Так думалось не раз на протяжении последних лет, так думалось в прошлое воскресенье, дома, в деревне, когда он, Микола — в сумерки, после не первой нашей беседы на лавочке перед палисадником,— поехал домой на велосипеде, повез на раме своего застенчивого мальчика.
Там, дома, мальчик этот, напившись парного молока, заснет; молодая хозяйка пойдет в клуб или будет тихонько всхлипывать под одеялом; а сам он, Микола, будет и дальше помаленьку — в бессоннице, в горьких думах — помирать...
Июнь шестьдесят первого.
...Жаркий, душный полдень. Шел мимо новой Миколиной хаты и, как ни страшно, зашел.
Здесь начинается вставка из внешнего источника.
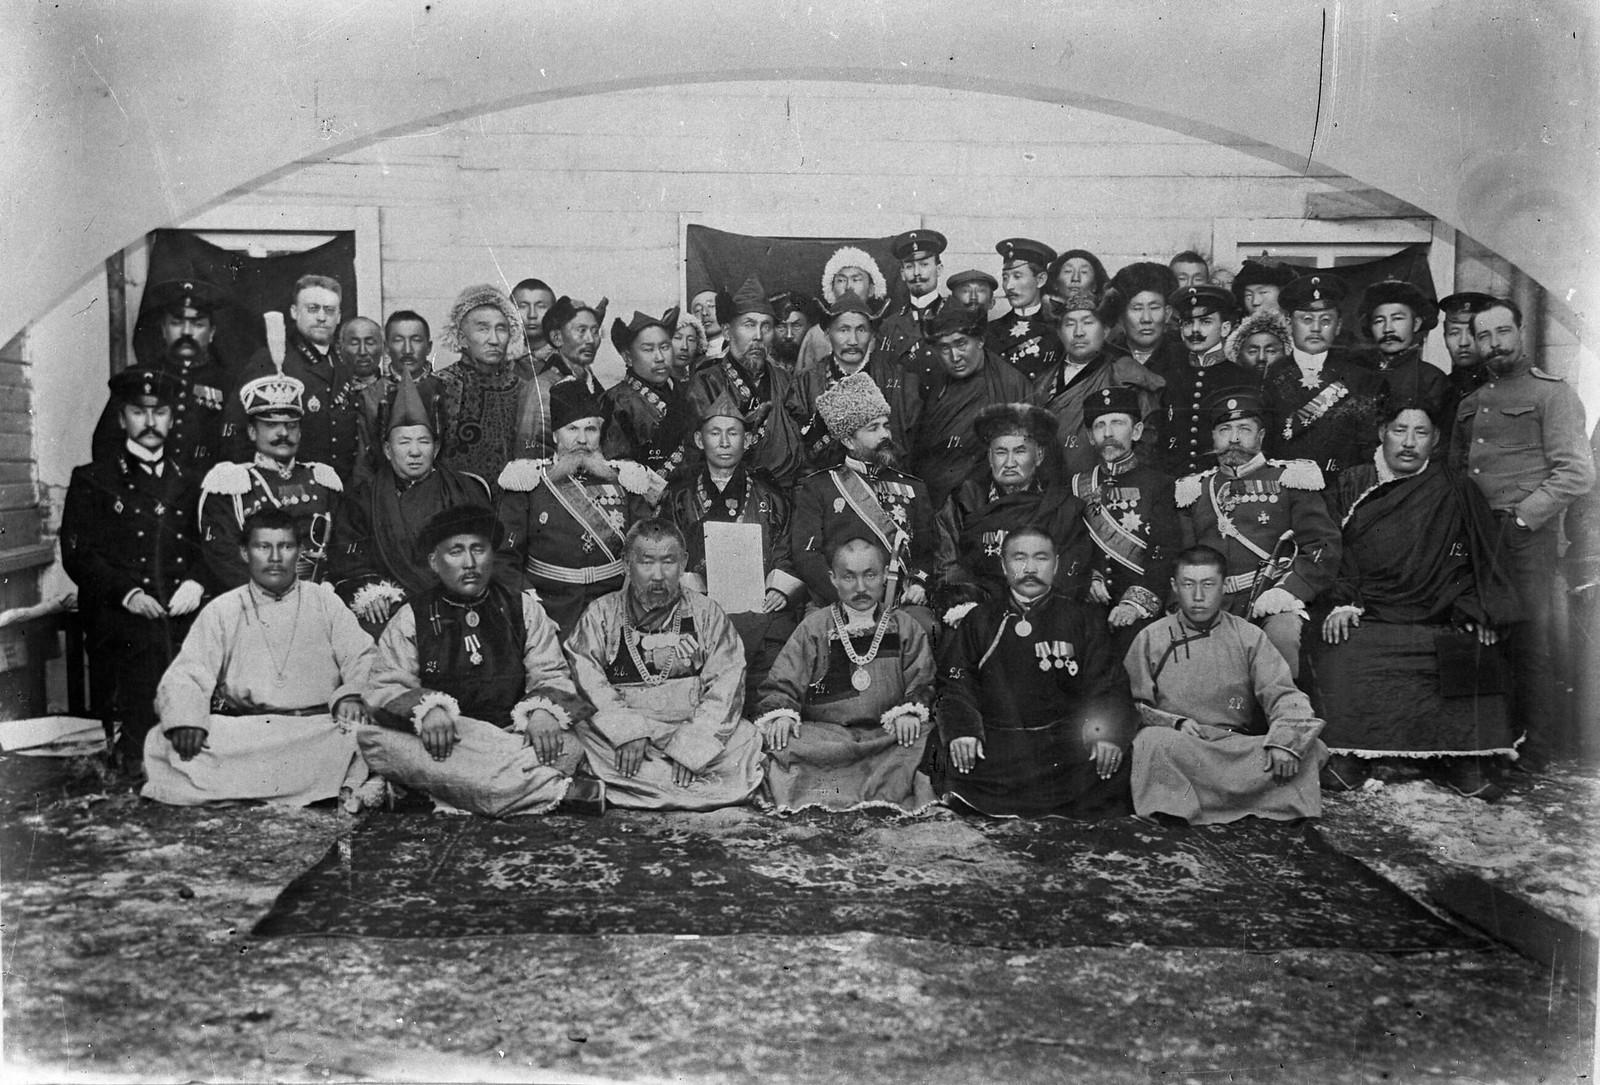 02. 1910-е. Местные бурятские лидеры с офицерами русской армии, Иркутск

Посидел с ним, у его постели, часа два. Видать, последний раз...
Его рассказы о пережитом.
Думы «о тайнах вечности и гроба»...
Страшная трагедия, горький скепсис и светлый разум — все это скоро исчезнет. На одичавшем кладбище, на взгорке, эти кости, обтянутые кожей, превратятся в землю. Навсегда. И не страшно. Мне, может, потому, что не очень я представляю себя на его месте. А он говорит, что от боли, от жутких мук этого года утратил уже всякий вкус ко всему и хочется смерти, хотел бы даже покончить с собой, только бы не в петле.
А в чистой новой хате — солнце, смолистые стены, заплаканная молодица, румяный замурзанный мальчик, который все ноет возле папы, трется, как котенок, и... не плачет.
А на дворе пахнет только что скошенным клевером, пылят за гумнами грузовики с торфом, роскошествует в мареве молодое жито.
Июль шестьдесят второго.
... С сыном и женой сидим на зеленой, душистой обочине полевой дороги, между пшеницей и житом.
Счастливое щебетание жаворонков, первое для меня в этом году «пить-полоть!», идиллическое мычание коровы, человеческие голоса с недалекого луга и ленивый лай собаки из села.
Опять думаю, оберегая эти мысли, не делясь ими ни с кем, о Миколе, который умер здесь, пока я ездил по Дальнему Востоку,— о том, как написать ему достойный реквием...
1960-1962
НОВЬ
Пишу раненько, в буйном, росном саду, на лавочке у погребка.
Отсюда, из старого сада с покривленными яблонями и могучими грушами, видать извечное — спелое жито на необъятной слуцкой равнине и новое — копры калийного комбината. Днем оттуда доходит гул моторов, ночью — музыка. В сад пришел и встал высокий столб с певучими проводами — опять новое в старом. Скворец высвистывает на столбе — «жарит сало», как на скворечне или просто на ветке.
Я же не могу без волнения думать о том, что и я наконец побывал в чудесной подземной сказке белорусской действительности, ходил по бесконечным, переливчато-разноцветным тоннелям, сам перед собой, как мальчуган, задавался курткой, каской и лампой шахтера, как-то очень свободно и молодо, по-морскому, с солью на губах, дышал воздухом Солигорска.
1963
ЭТЮД
Тихая речка в знойной донской станице. Садится солнце — где-то за высоченным камышом.